Arnaud's film career began with a role in Xavier Dolan's award-winning I Killed My Mother (2009). He has since appeared in films such as Jean of the Joneses (2016), Origami (2017), Marlowe (2022), Twinless (2025), and Fucktoys (2025). His first television role was on the French Canadian comedy series Taxi 0-22 in 2008, after which Arnaud starred as Cesare Borgia in the Showtime period drama series The Borgias (2011–2013) and Manfred Bernardo in the NBC supernatural drama series Midnight, Texas (2017–2018). He gained wider recognition for portraying Scott Hunter in the Crave sports romance series Heated Rivalry (2025–present).

==Early life and education==
Arnaud was born on July 5, 1985, in Montreal, Quebec, Canada. He is French Canadian. He has a younger sister, a lawyer. The first play he saw was Cyrano de Bergerac at age nine; inspired by the performance, he went home and tried to learn the monologues. Arnaud graduated from Collège Jean-de-Brébeuf with an arts degree. He later trained at the Conservatoire d'art dramatique de Montréal.
==Career==
Arnaud started his career in Quebec by landing a role in French Canadian comedy series Taxi 0-22 in 2008. The following year, he starred as Antonin Rimbaud in the Xavier Dolan's award-winning film I Killed My Mother (J'ai tué ma mère), an Oedipal coming-of-age drama that premiered in the Director's Fortnight section of the 2009 Cannes Film Festival. Arnaud received a VFCC Award for Best Supporting Actor in a Canadian Film for his work in I Killed My Mother, and credits this with getting him an agent in Hollywood who helped him get auditions for larger roles.

Arnaud became known for his performance as Cesare Borgia in the Showtime series The Borgias. He portrayed Oscar in the NBC drama series Blindspot.

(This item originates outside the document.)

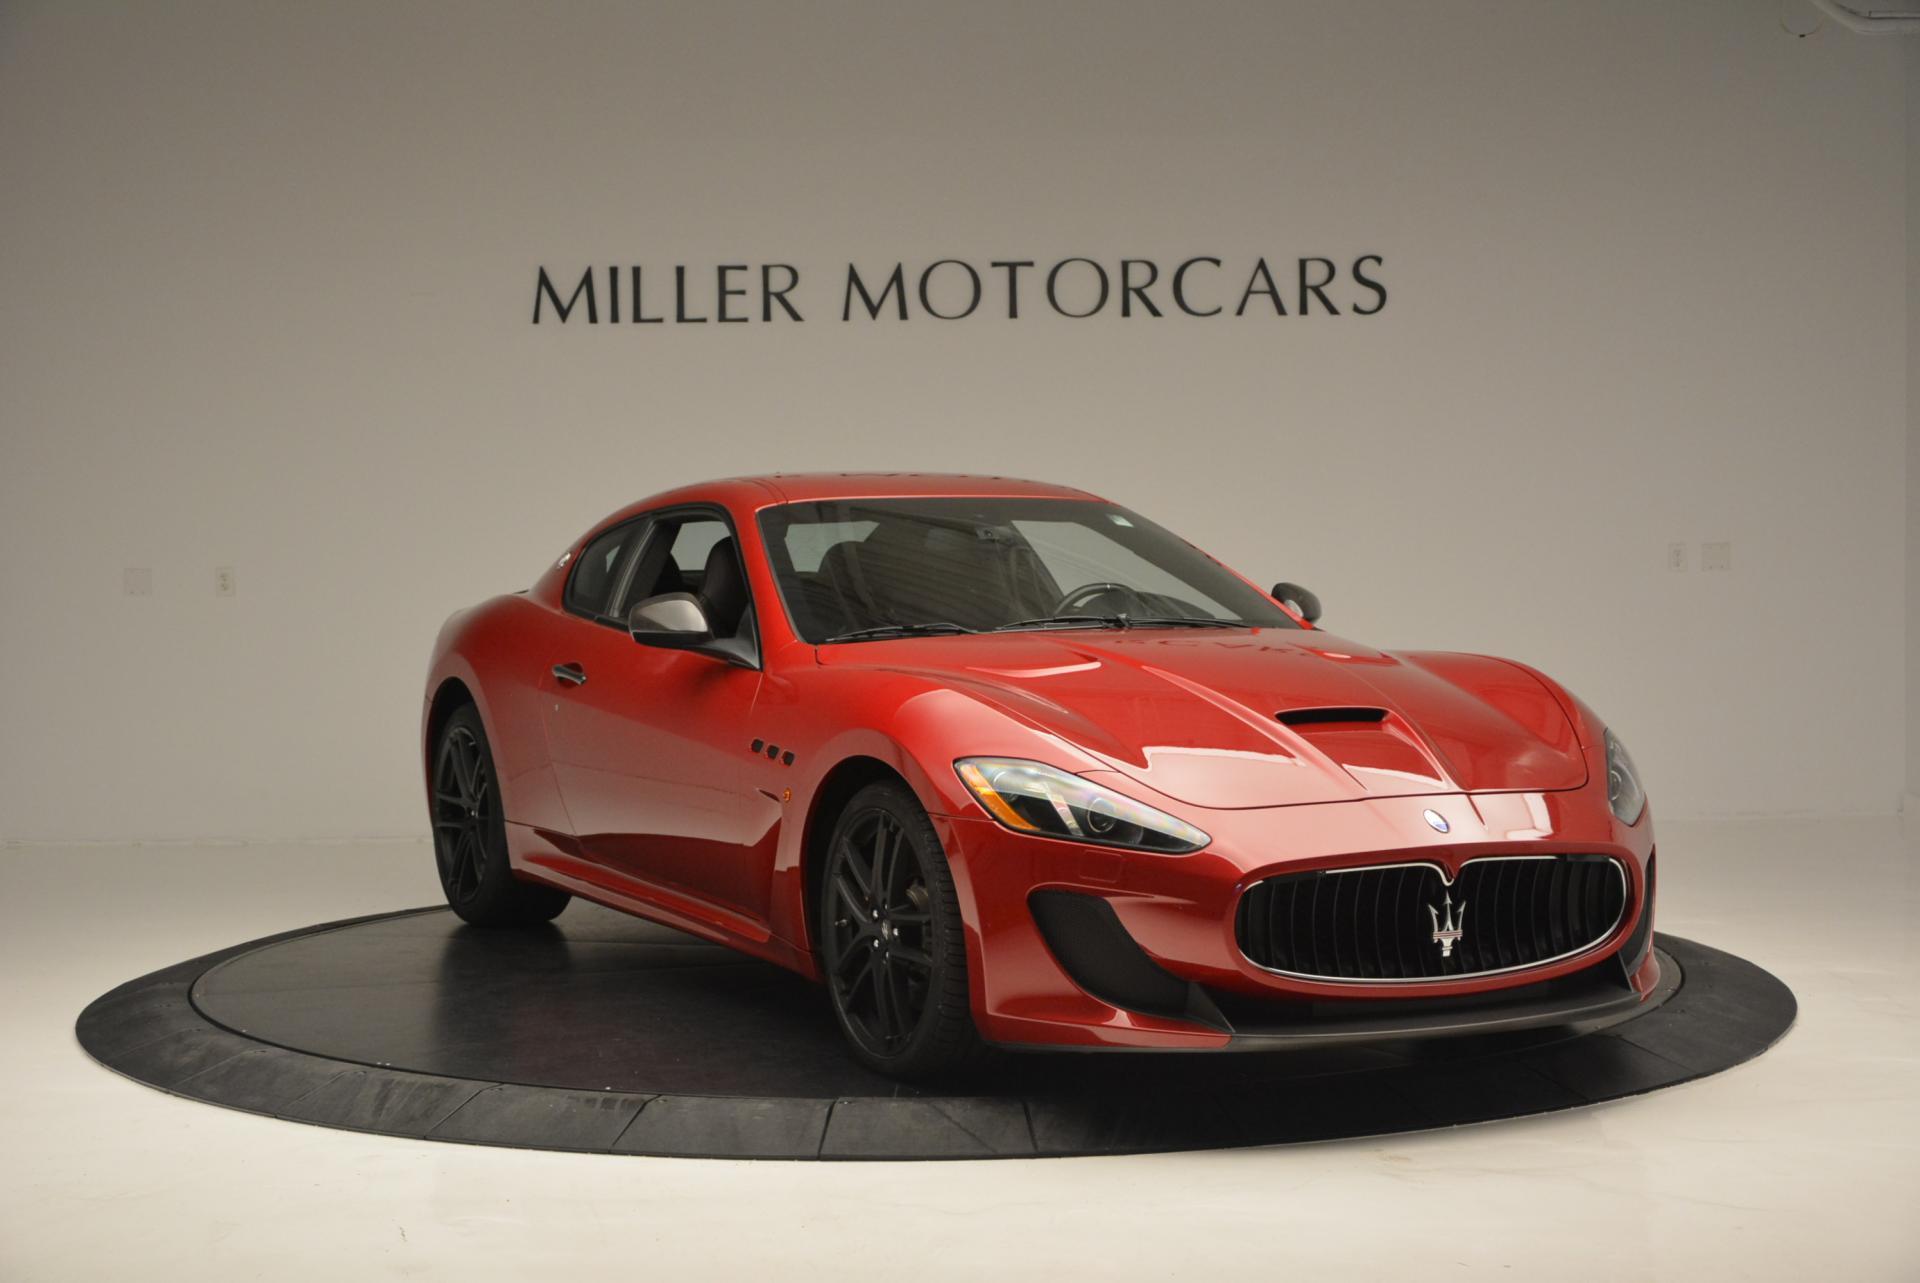 Used 2014 Maserati GranTurismo MC For Sale In Greenwich, CT 525_p11

He also starred in Midnight, Texas portraying the troubled psychic Manfred Bernardo from 2017 to 2018. The show filmed in Albuquerque and Arnaud enjoyed exploring the mountains and waterfalls nearby during his five months there.

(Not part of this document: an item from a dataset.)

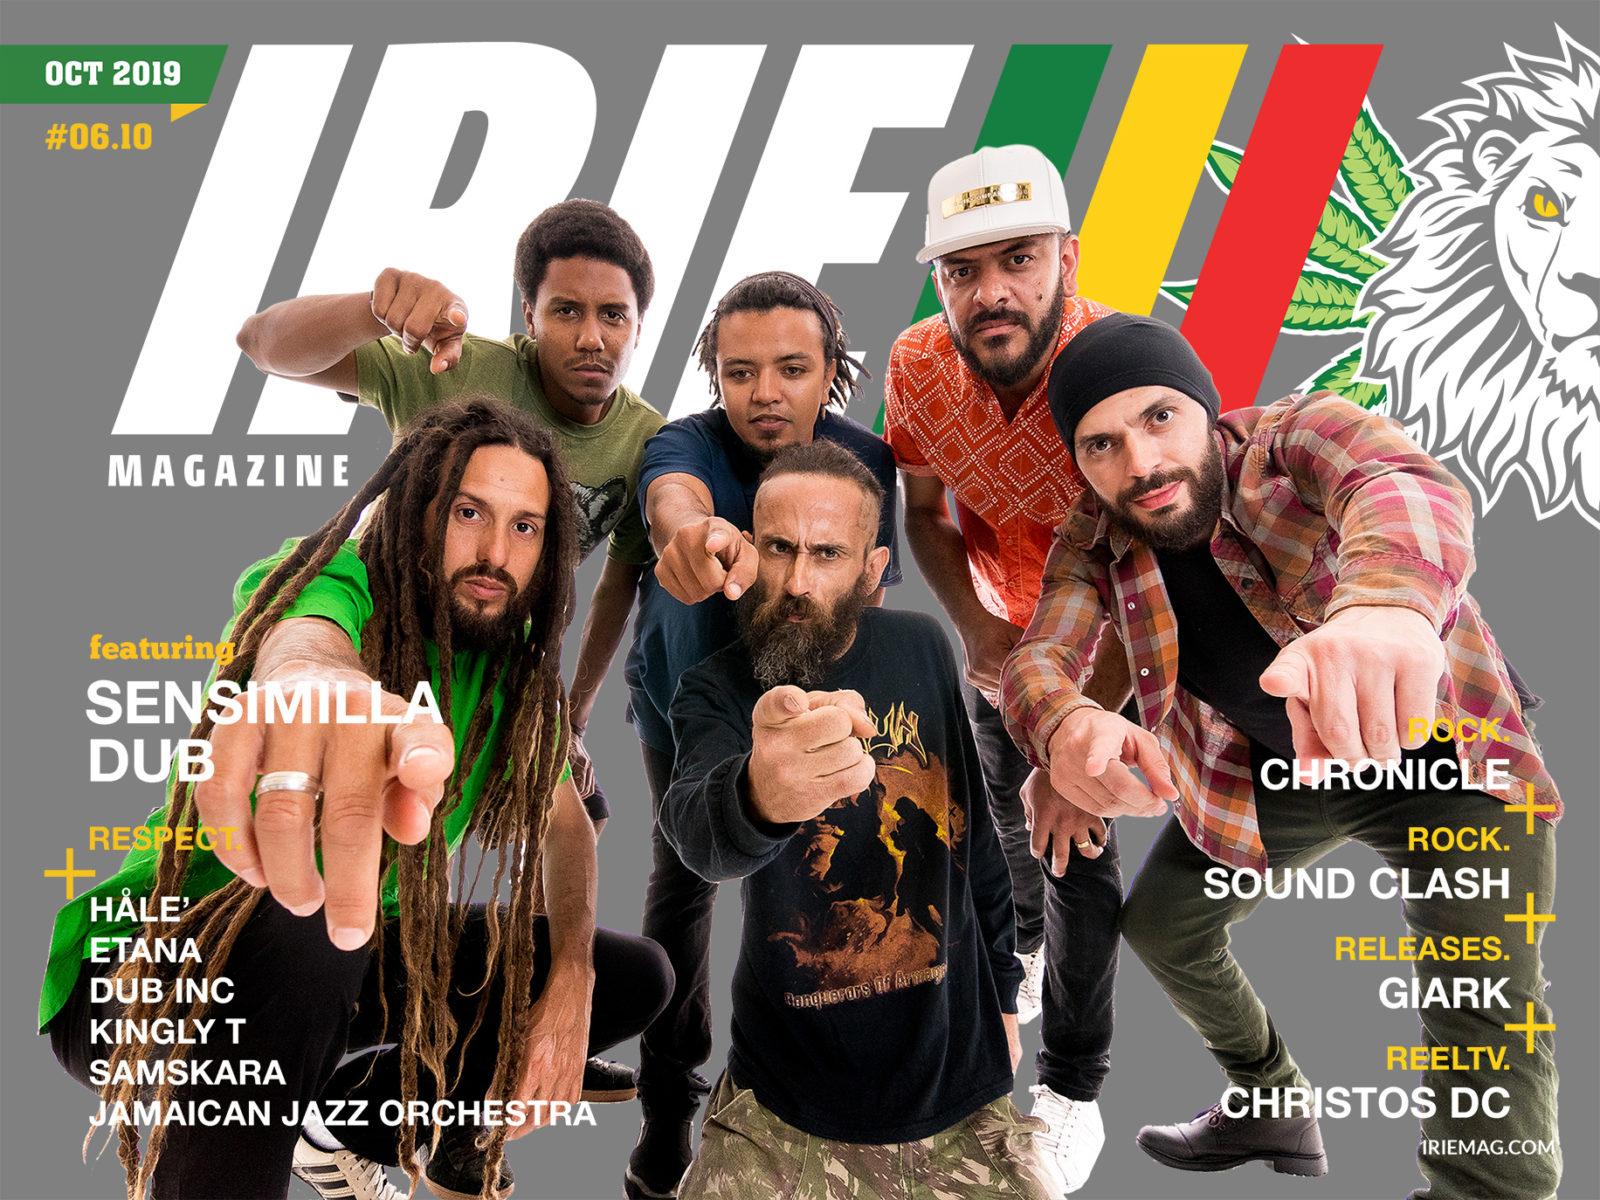 IRIE™ Magazine | October 2019 featuring Sensimilla Dub

In 2016, Arnaud filmed Permission in New York City. Later, Arnaud filmed sci-fi thriller Origami, a French-Canadian movie that was shot in his home town of Montreal. The film was so physically and psychologically exhausting for Arnaud that he could not work for a month afterwards so he retreated to a cabin in the woods. In 2017, Arnaud filmed the indie film, She's in Portland with Tommy Dewey, which was released in 2020.

Arnaud featured in an episode of Schitt's Creek as Sebastien Raine, David's ex-boyfriend and photographer. In 2019, the film Rapid Eye Movement was released which saw Arnaud playing a radio DJ. Arnaud shot this in Times Square in a glass booth where he interacted with passersby. Also in 2019, Arnaud started shooting a psychological thriller called Mom. He plays opposite Emily Hampshire, whom he met while working on Schitt's Creek. He was cast because Emily would only accept her role if Arnaud played her husband. Arnaud portrayed Dan Moody in The Moodys over two seasons until its cancellation in 2021.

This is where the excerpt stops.